EXERCISE BRIEF:
Retype the listing exactly, minus its pictures.

DATA SHOWN:
:::::
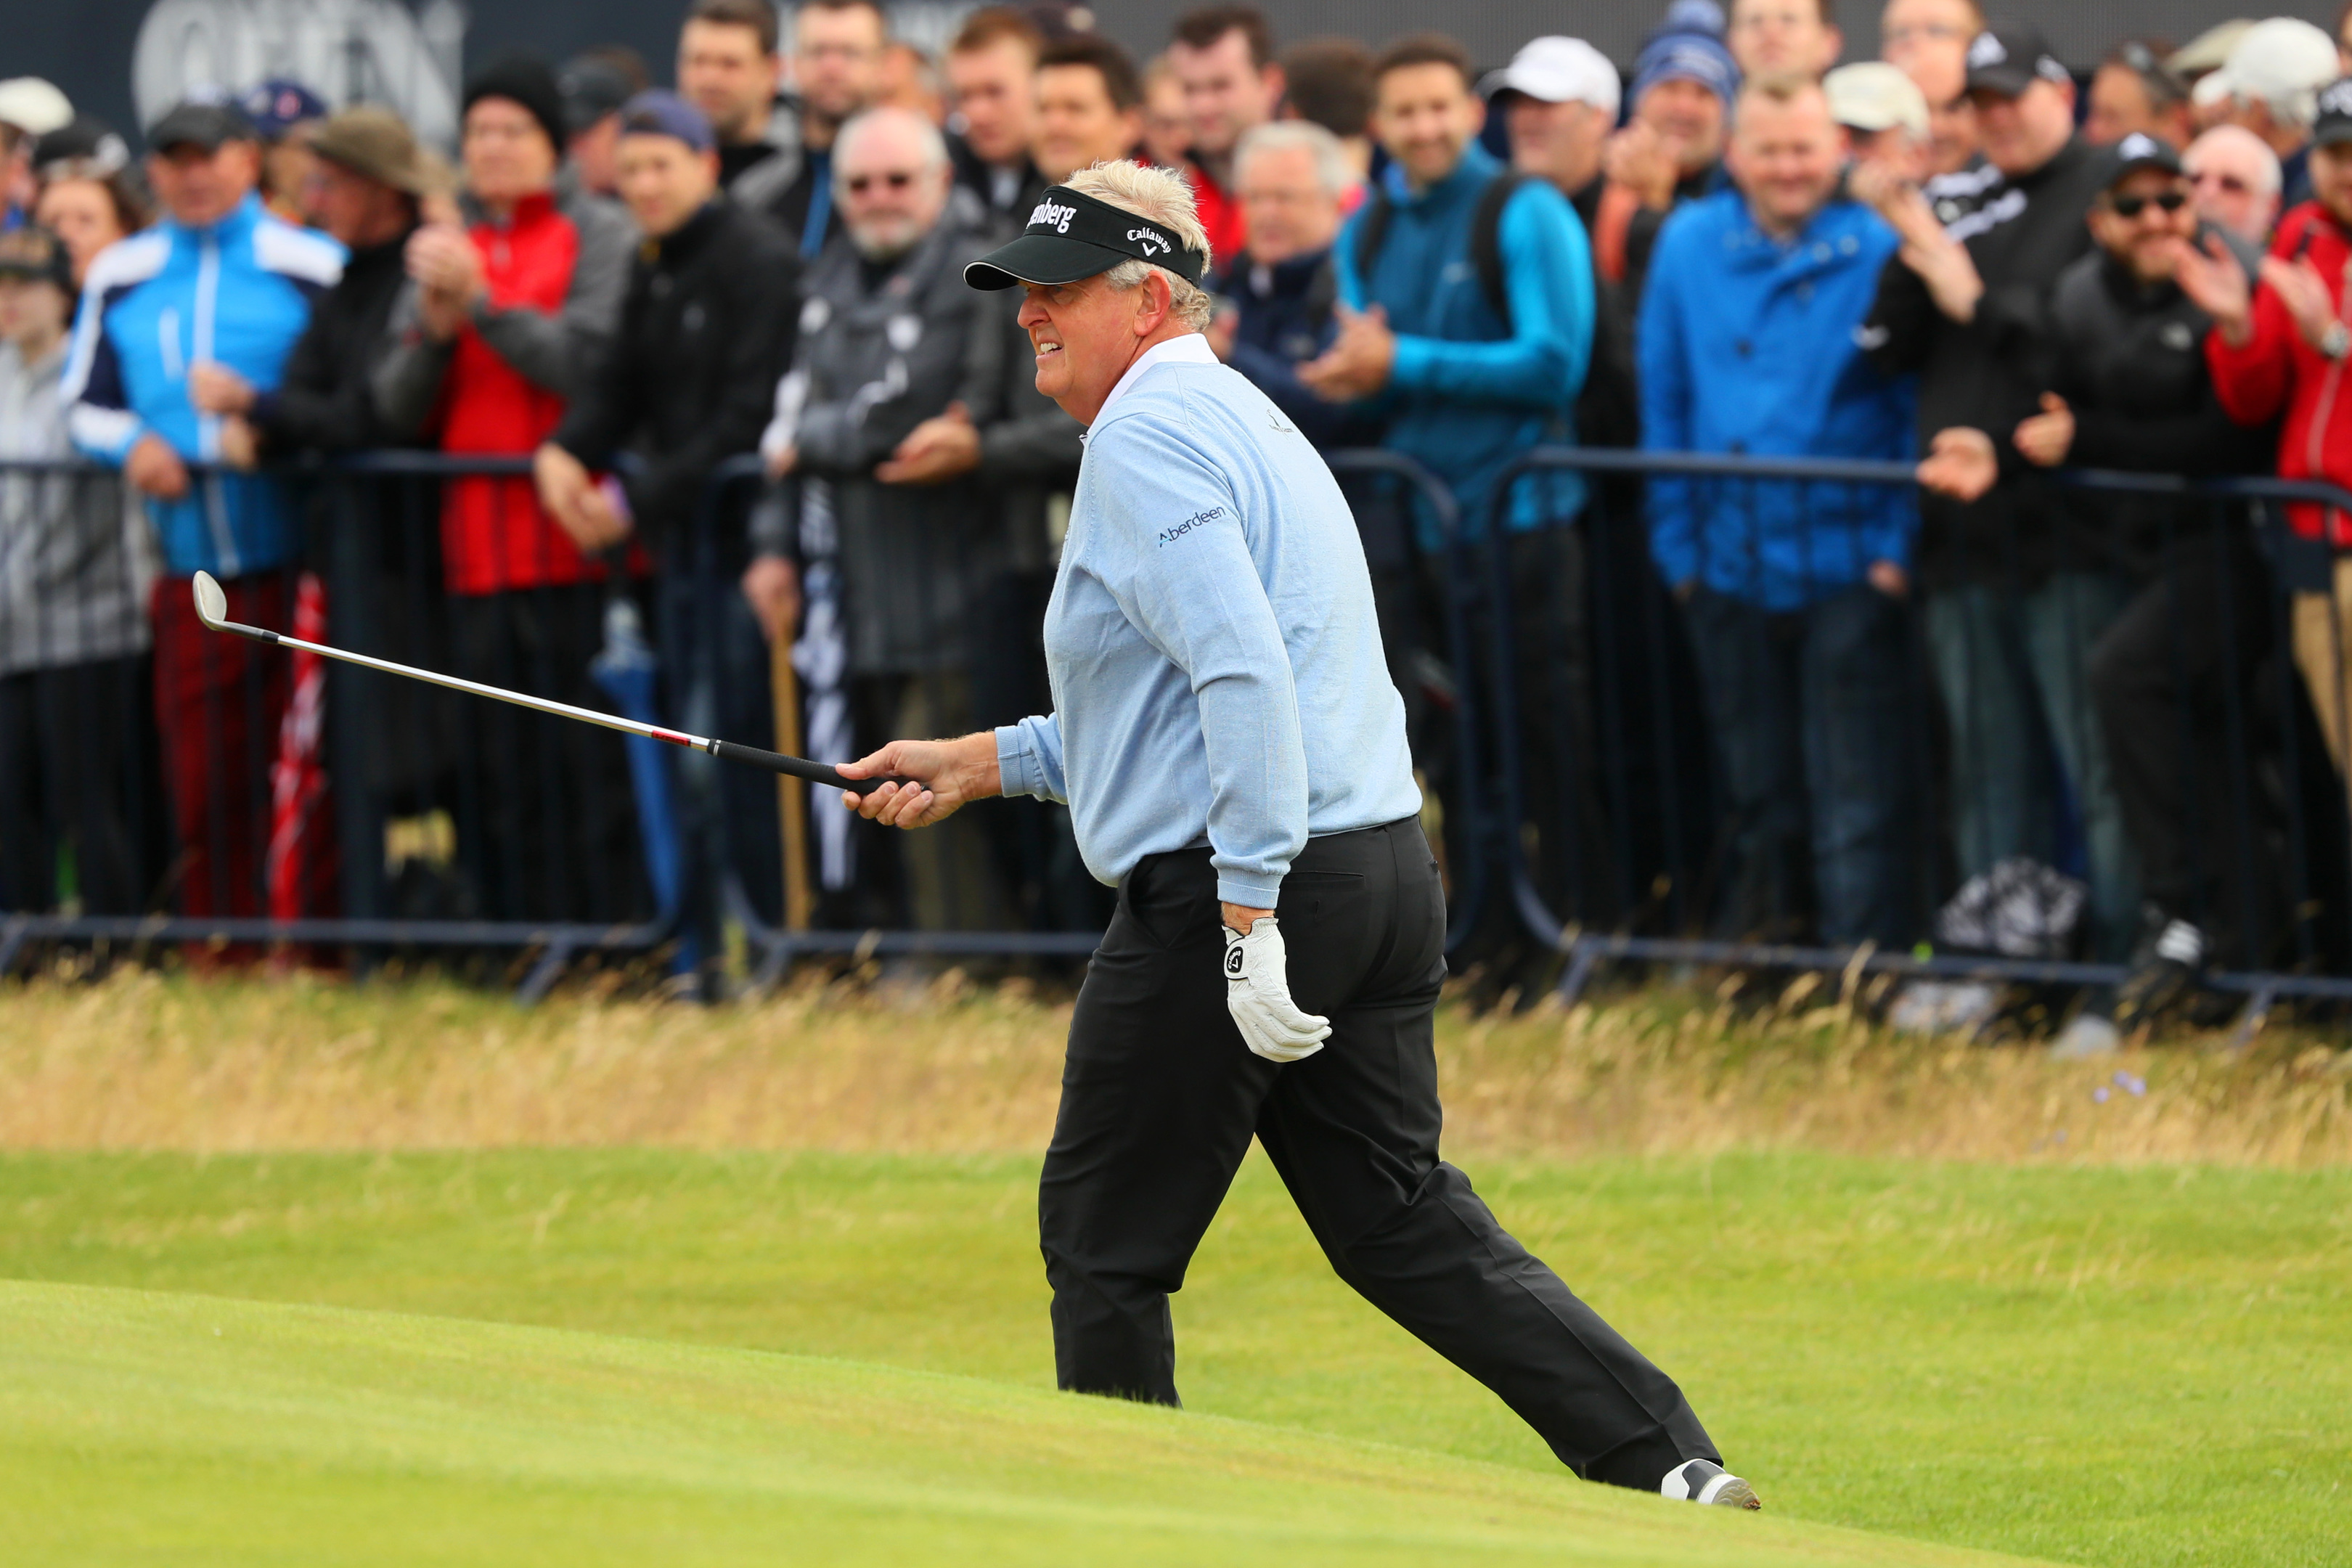 Colin Montgomerie's 76 included a dunk in the Barry Burn at the last
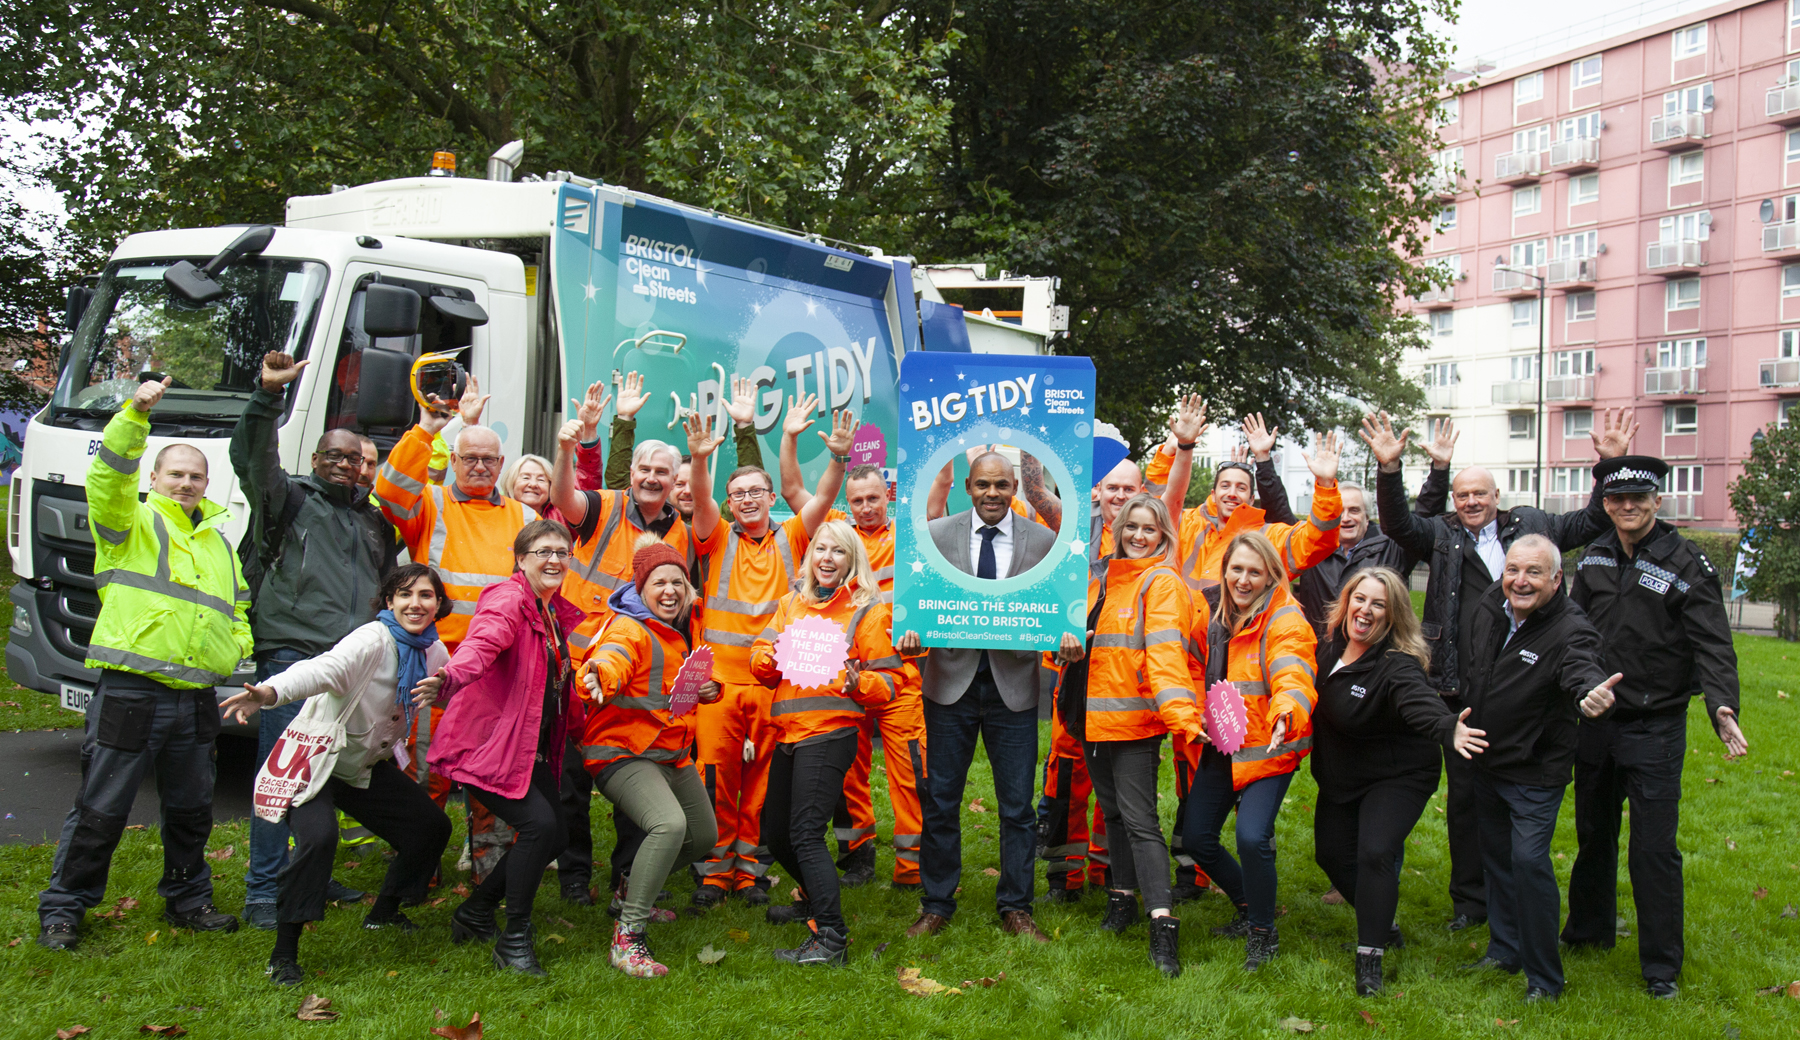 A group of Bristol Waste and Bristol City Council members, including Mayor Marvin Rees, pose in front of a Big Tidy street cleaning vehicle.
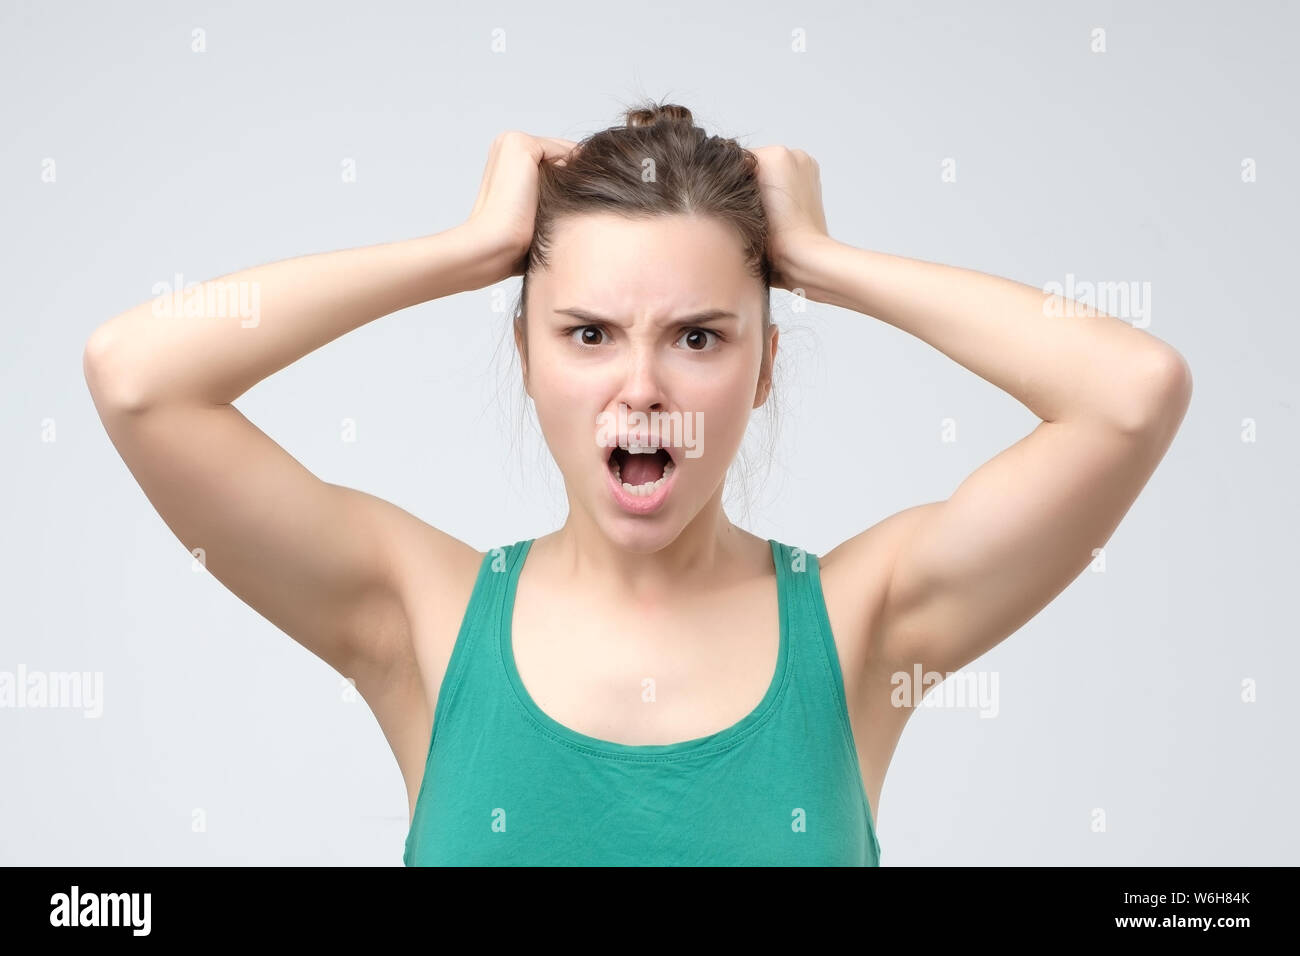 Furious angry woman screaming with rage and frustration Stock Photo
:::::
REPLY:
 Colin Montgomerie's 76 included a dunk in the Barry Burn at the last
 A group of Bristol Waste and Bristol City Council members, including Mayor Marvin Rees, pose in front of a Big Tidy street cleaning vehicle.
 Furious angry woman screaming with rage and frustration Stock Photo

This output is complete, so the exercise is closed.